Within this framework, freezing of gait (FOG) can be viewed as a loss of automatic control of locomotion that must be compensated by volitional control until the system becomes overwhelmed, for example, during dual‐tasking, high cognitive load, or heightened limbic drive (Lewis and Shine 2016; Georgiades et al. 2019; Shine, Matar, Ward, Bolitho, et al. 2013). Multiple conceptual models have been proposed to explain this breakdown (Nutt et al. 2011), including the interference model, in which competing cognitive–motor demands overload limited executive control capacity (exemplified above), and the reduced capacity model, which posits deficits across multiple domains/networks (Lewis and Shine 2016; Georgiades et al. 2019; Shine, Matar, Ward, Bolitho, et al. 2013). Here, we focus on how neuromodulation of cortical targets can be used to address fundamental questions about the FOG pathophysiology and to guide future therapeutic development.
In order to interpret the network changes that have been reported in FOG (e.g., altered frontoparietal activation, disrupted cortico‐striatal and cortico‐brainstem coupling) it is critical to understand if such changes are compensatory adaptations (either effective or ineffective) or truly maladaptive responses that contribute to FOG severity. Furthermore, behavioral associations to imaging findings remain unclear, as it is unknown whether the observed imaging findings are primary (causal) drivers of FOG or secondary consequences of gait breakdown. To address these knowledge gaps, neuromodulation strategies have been utilized to either strengthen or weaken cortical–subcortical functional connections, network synchrony, coherence, or coupling, testing varied hypotheses and conceptual models. It is important to recognize that the interactions that occur within these networks are complex; however, evidence so far suggests the presence of systems‐level dysfunction in FOG and neuromodulation interventions currently available can effect network changes leading to measurable behavioral effects.
Definitions
2
Gait Automaticity
2.1
The ability of the central nervous system to control walking with minimal use of executive control (which demands attention) (Clark 2015). Proxies of loss of gait automaticity in PD include increased prefrontal cortex (PFC) activity during walking, higher dual‐task cost of gait, and greater gait variability.
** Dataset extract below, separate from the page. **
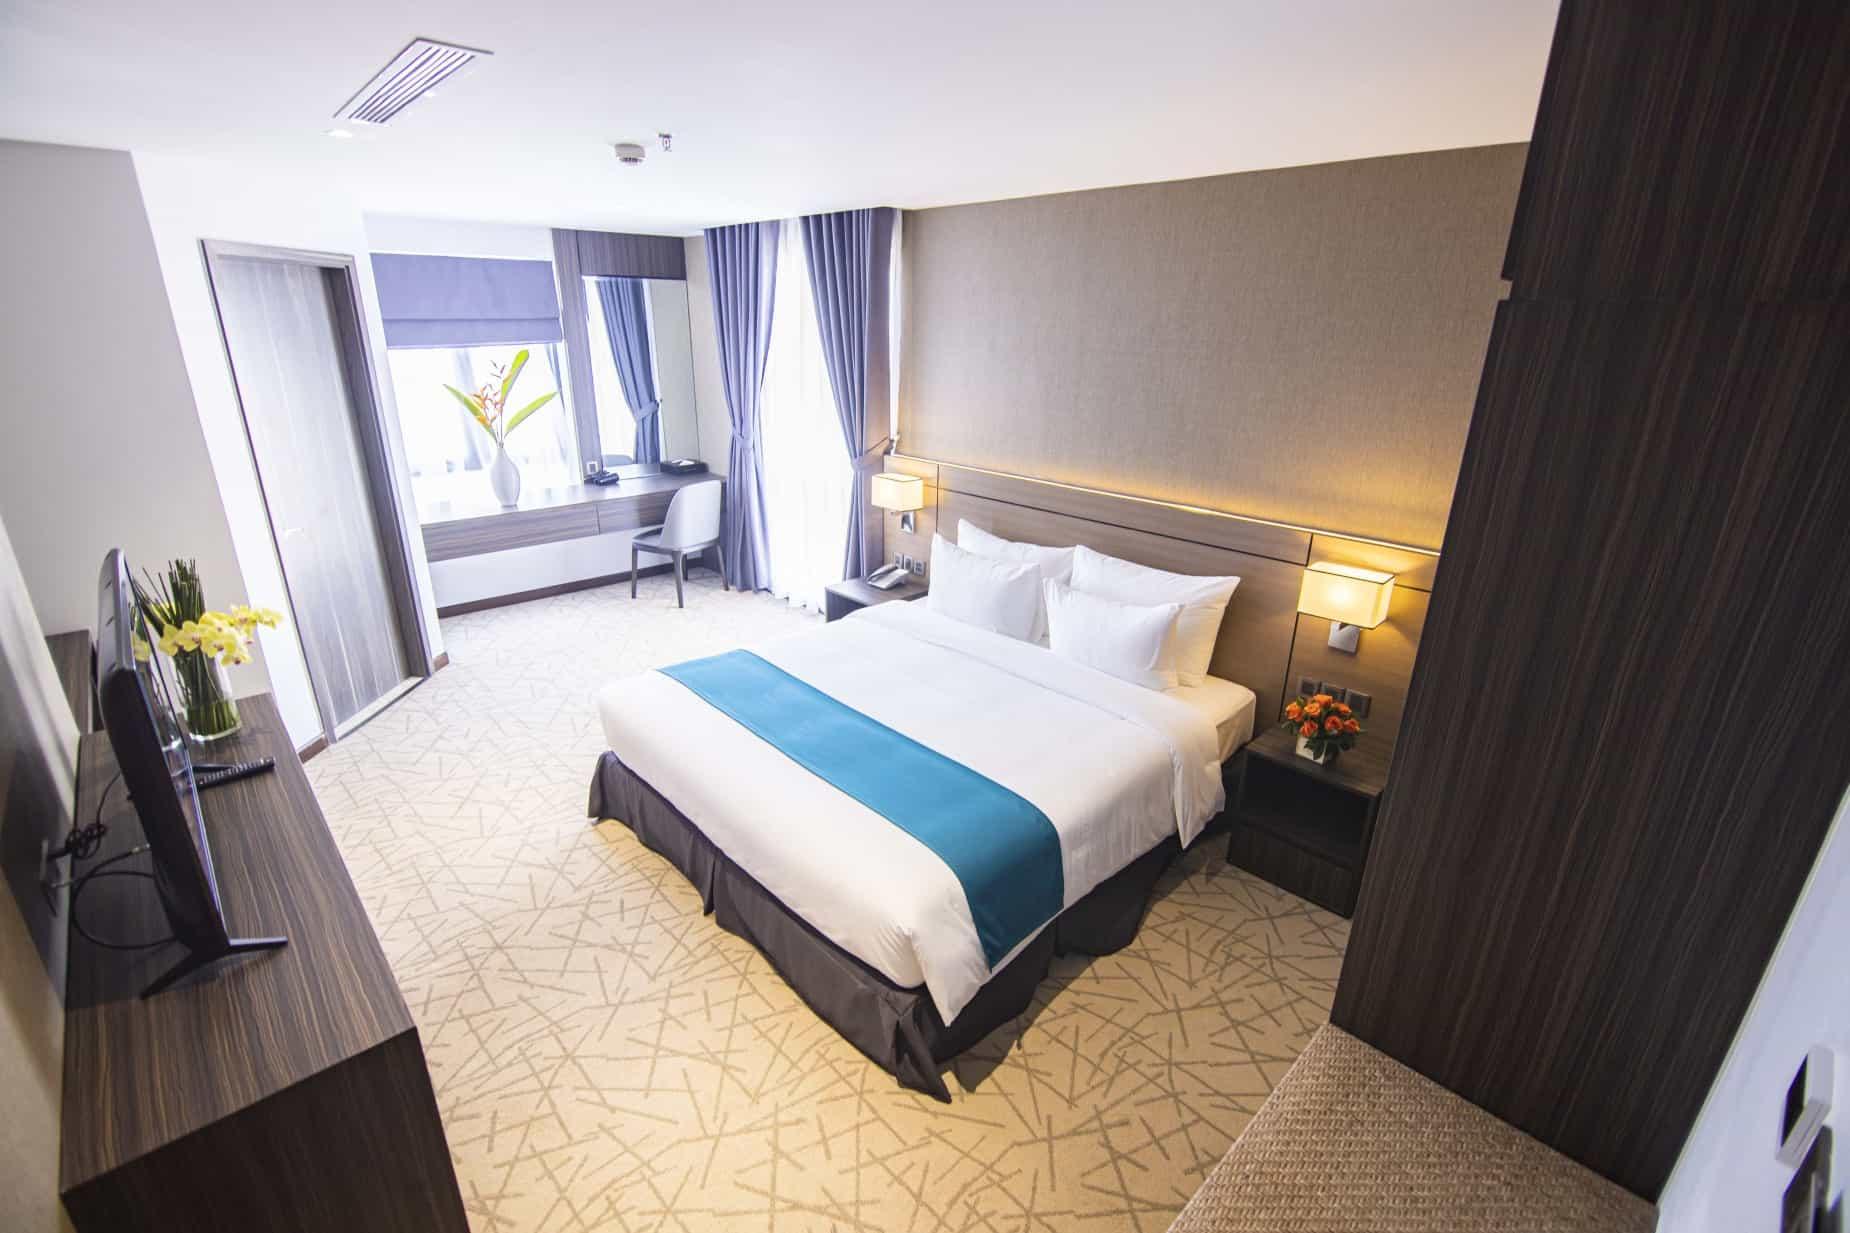 Phòng Deluxe với không gian rộng rãi, thoải mái

In fact, people with FOG usually show higher PFC activity (Vitorio et al. 2020; Bardakan et al. 2022), higher dual‐task cost of walking (de Souza Fortaleza et al. 2017; Monaghan et al. 2023), and greater gait variability (Vitorio et al. 2020; Hausdorff, Balash, and Giladi 2003; Nanhoe‐Mahabier et al. 2011) compared to people without FOG.
Volitional Control
2.2
Motor tasks that are deliberate and attention dependent require significant executive resources.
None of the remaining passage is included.